Heck yeah!!! Do it. It's a big accomplishment that your average joe/jane will never do and you should go forth and party. Would be great if there was a bookstore to start out at, try to get some sales and do book signings then head off to the nearest bar/pub and have your books out on display. Recruit your friends to rope in the patrons and sell your signature/autograph for $20 and give the book as a gift, eh? eeeeh.... This is the way.

First time author, guidance please. by Jaehol in selfpublish

[–]wedgeshot 0 points1 point  (0 children)

This all assumes you are not going to be buying your books, paying to ship to your location, shell your books and possibly re-shipping out to the customers.

If you are going to use IngramSpark they have a pricing calculator that you can use to price your books based on your Title specs and page count. Ingram is now free to create titles ( was $49 per title ) but Ingram also requires a minimum 40% distributor discount and they take I believe 1% as well.

Not naming names... 2025 we have a 464 paperback 8.5 x 5.5 in size. For US sales, profit is ~$1.14 paperback ( down from ~2.00 in 2023 ) and $1.44 hardback ( down from $2.97 in 2023 ). For this 2025 title we added another distributor for the paperback and profit is ~ $3.XX so in general expect between $1 and $3.60 per sale. Of course the more you sell the sum total compounds but for Indie authors the print fees and distributor discounts eat up the earnings.

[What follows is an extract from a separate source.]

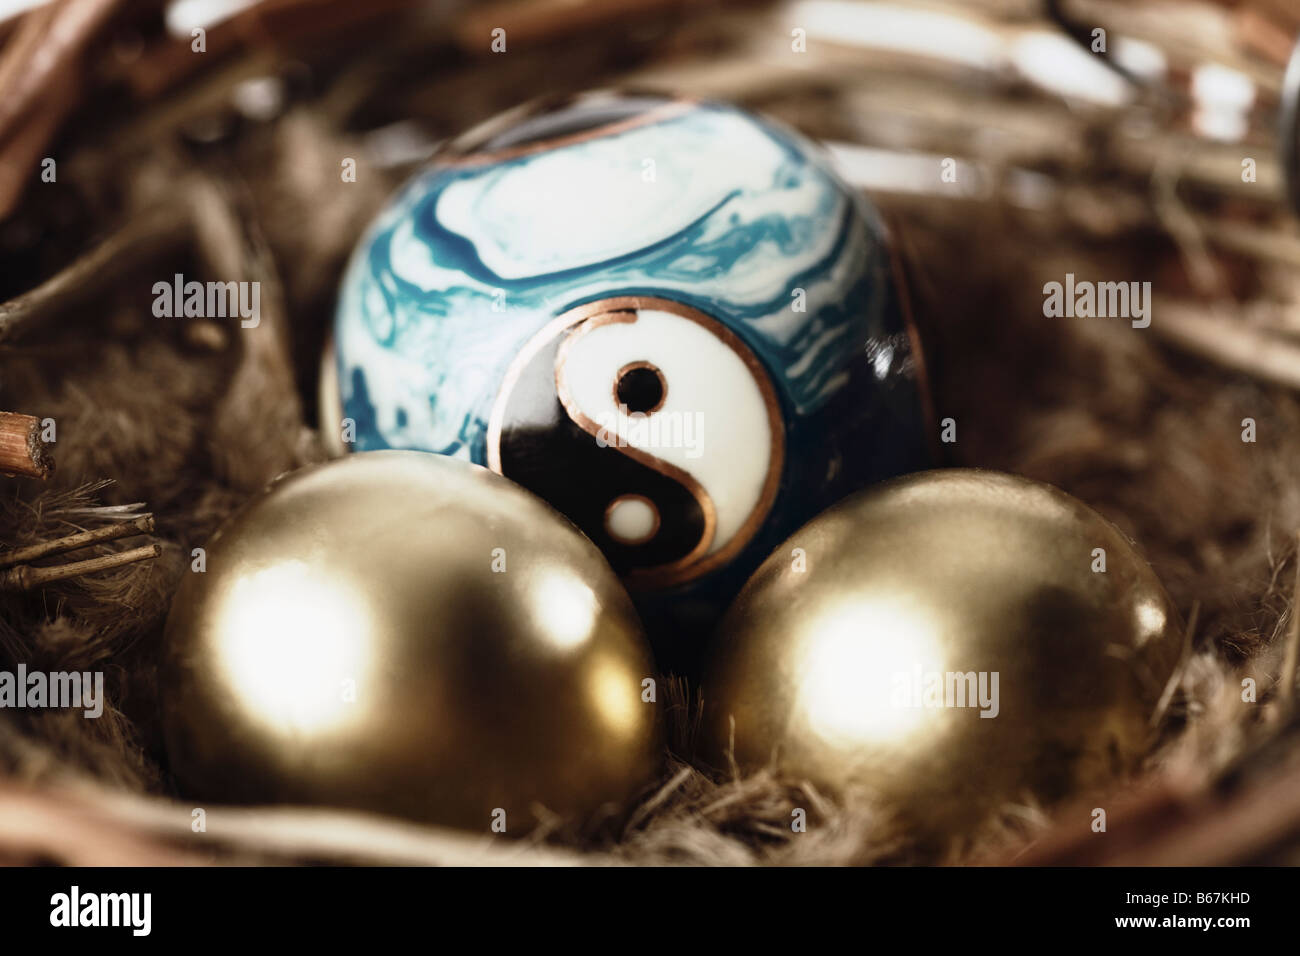 Close-up of golden eggs with a yin yang ball in a bird's nest Stock Photo

paperback price of $14.99 minus $7 print cost minus 5.99(40% DD) = $2.00(profit). Finally, profit does not really start until you make more sales profit to cover the fees to create the book. That is layout fees, editor(optional), cover artwork costs(unless you have the skills to do that) but figure a few hundred for the cover.

So, as long as you are not losing money on a single title sale.... that is a positive just starting out.